The next change I noticed was the reduction of the anxiety that had been plaguing me for so long. That was a pleasant and unexpected bonus. Of course I found myself to be less drowsy and consequently less reliant on coffee to fuel my day. However over the past weeks I have been experiencing some negative symptoms.

I’ve been having feelings of distress. I’ve been feeling out of control. The noise in my head is sometimes unbearable. Seemingly insignificant things such as accidentally breaking a cup can throw me completely. I have been told that my body just needs to get used to it, which I sincerely hope is true.

For a long time I had been going along under the assumption that my brain is broken and that something isn’t right up there. But is this the case? Of course it could be but I’d rather believe that I am not damaged and that instead maybe it’s my environment that is.

That could just be wishful thinking on my part. I have now come to see that I live in an imperfect civilisation and that my brain hasn’t evolved to deal with the modern world so it’s not surprising that it struggles.
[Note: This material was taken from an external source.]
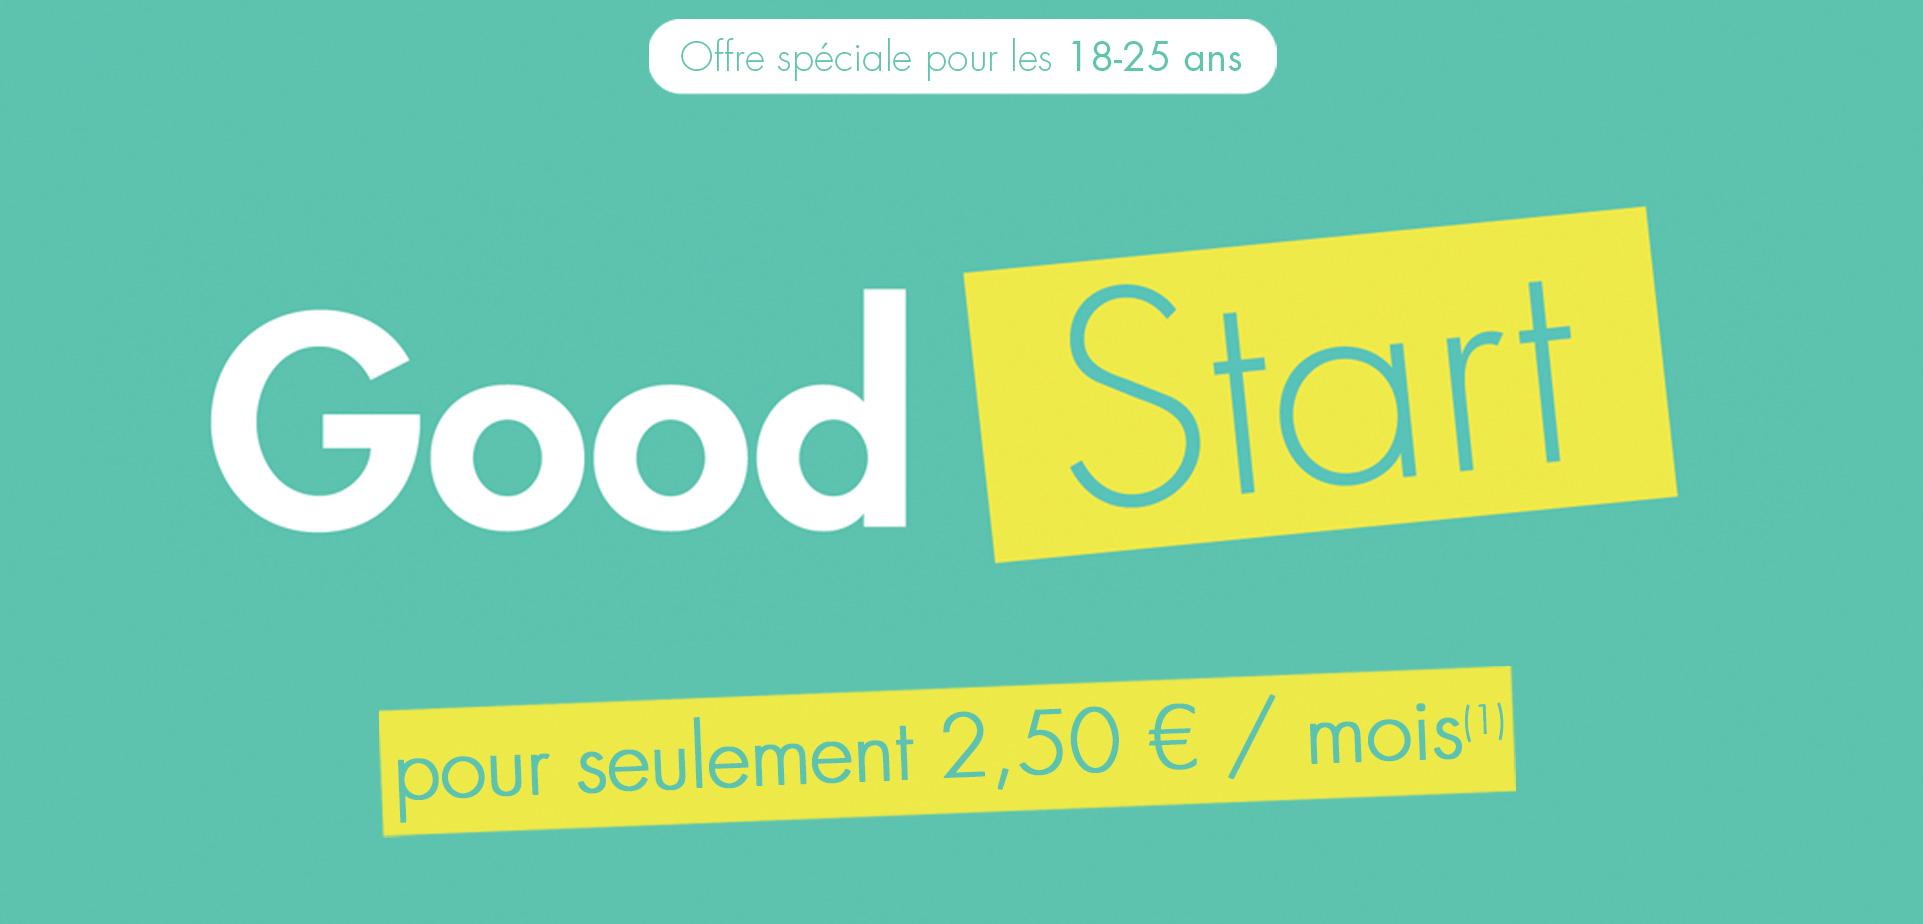 Credit Agricole Normandie Seine Good Start

I recognise the intrusive images and words that I experience (as though they are injected into me) as part of my makeup. They can be distressing and at times I wonder if they really are my thoughts, feelings and desires. Over time I have come to realise that they are all mine – although that doesn’t mean for one second that I have to agree with them (that’s not as easy as it sounds).

I have been told not to look too far ahead; just to concentrate on the next few footsteps. I am still unable to work (even voluntarily for two hours a week) – especially now that I am dealing with my lower dose, which, as you can imagine is very frustrating. I see the people around me progressing whilst I stagnate. I have to remind myself that I am also progressing and that I shouldn’t measure myself by the rule of others.

I have been on a very long and difficult journey and it is important to keep telling myself that I have done well to get this far. I don’t know where my path will lead from now but I am hoping that the lower dose works out.